The goal of the Linux-NTFS project is the provide completely open source code to access, manage NTFS filesystems, not only r/w access whatever way. It's a big difference.
I respect your Free software approach, I'm a big Free software advocate. I consider NTFS problem a special case.
My solution gives a bridge to people who grew up on or are forced to use MS Windows (like employees in the office) to GNU/Linux environment. These people run proprietary SW already and with my solution they've got a way out.
Using original ntfs.sys can give just better compatibility than any other 3rd party GPLed reimplementation could ever have.
NTFS has no meaning as a standalone filesystem - there are better GPL high performance mature filesystems such as ext3. NTFS for GNU/Linux OS has its only meaning as a temporary compatibility hack.
There is already a full r/w driver for Linux by Paragon for a while - although it costs money but it doesn't have legal threats.
Paragon http://www.ntfs-linux.com/ really supports r/w NTFS for GNU/Linux (thanks for reference) but it is a commercial closed-source (*) product and it is even an IMO dangerous way to modify your NTFS drives due to the reverse-engineering disadvantages described above.

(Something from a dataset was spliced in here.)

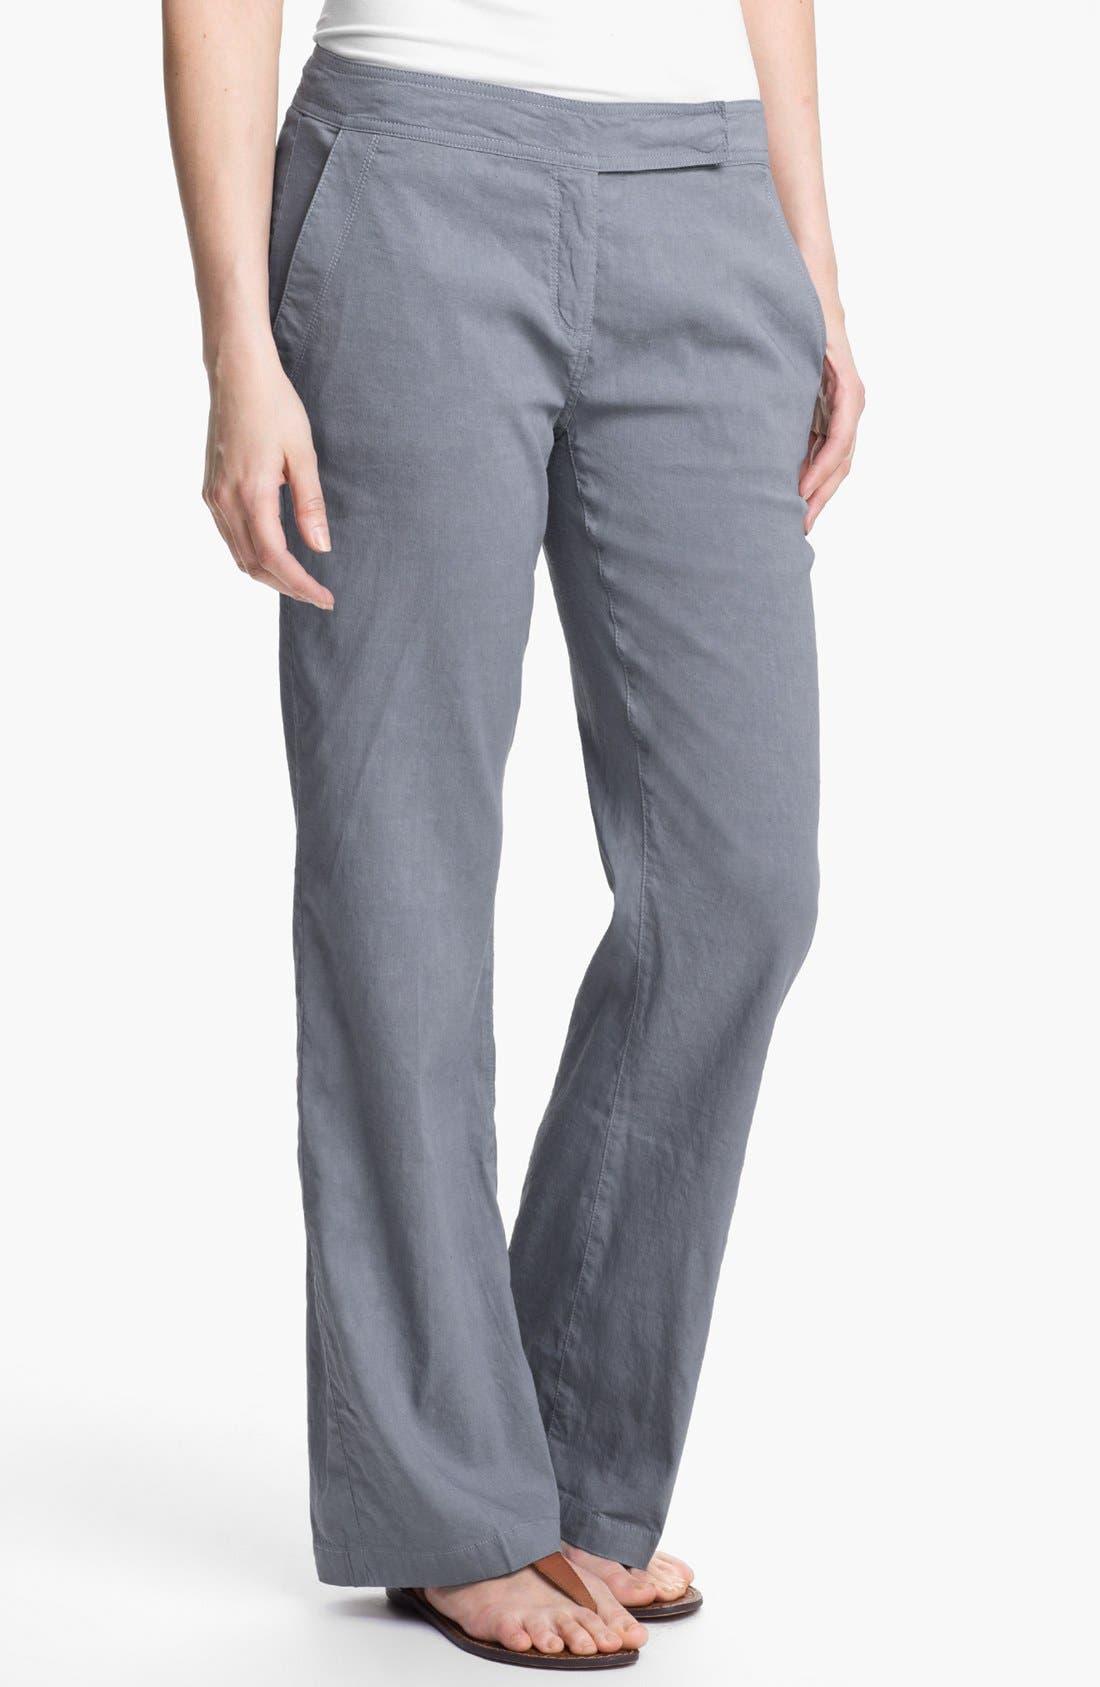 Alternate Image 1 Selected - Eileen Fisher Linen Blend Trousers (Regular & Petite)

(*) By running any closed-source software on your GNU/Linux OS you completely loose your system security. Although it is already lost for dualbooting machines the security sandboxing feature of Captive NTFS may get handy for GNU/Linux sysadmins needing to repair NTFS disk drives.
Besides using the original NTFS driver Captive NTFS further ensures the disk safety by commiting any disk modifications only after the successful unmount of the modified disk by its emulated MS-Windows kernel subsystem.
...
But I could imagine one isn't allowed to use ntfs.sys, ntoskrnl.exe the way he/she wants legally.
Applicable laws vary in different countries - legal analysis for major countries would be welcome. I have an affirmation of the professional IT lawyer JUDr. Jiri Cermak Captive NTFS is legally valid at least in my home country.
Regards, Lace
On Tue, 21 Oct 2003, Jan Kratochvil wrote:
I consider NTFS problem a special case.
Probably because you consider NTFS as the product of the "evil empire", not as a matured technology designed/developed by experienced professionals and used over a hundred millions of computers today ;)
NTFS has no meaning as a standalone filesystem - there are better GPL
Why not? NTFS has all the features that other Linux filesystems have and even more. Why couldn't it be used as a standalone filesystem?
Let me tell an example, the (Linux) NTFS driver supports transparent compression. Today CPU's are very fast and the disk bandwidth is very slow compared. So doing bulk data transfers, the disk bandwidth is the bootleneck. Would you be faster using the filesystem's transparent compression? In theory yes, CPU can [de]compress when transfering data and you must also transfer less data. No main Linux fs supports this, hopefully Reiser4 will in the future ... (there was hope for e2compr as well for many years but it didn't work out after all).
high performance mature filesystems such as ext3. NTFS for GNU/Linux OS has its only meaning as a temporary compatibility hack.
You mean just like the fat driver, samba, wine, etc? They make things to work together. You have the source, you can port it to other OS'es, fix bugs, improve it, etc.
Paragon http://www.ntfs-linux.com/ really supports r/w NTFS for GNU/Linux (thanks for reference) but it is a commercial closed-source (*) product and it is even an IMO dangerous way to modify your NTFS drives due to the reverse-engineering disadvantages described above.
I don't think Paragon reverse engineered the NTFS driver but licensed the technology from Microsoft. SDK, documents, whatever.
But I could imagine one isn't allowed to use ntfs.sys, ntoskrnl.exe the way he/she wants legally.
Applicable laws vary in different countries - legal analysis for major countries would be welcome. I have an affirmation of the professional IT lawyer JUDr. Jiri Cermak Captive NTFS is legally valid at least in my home country.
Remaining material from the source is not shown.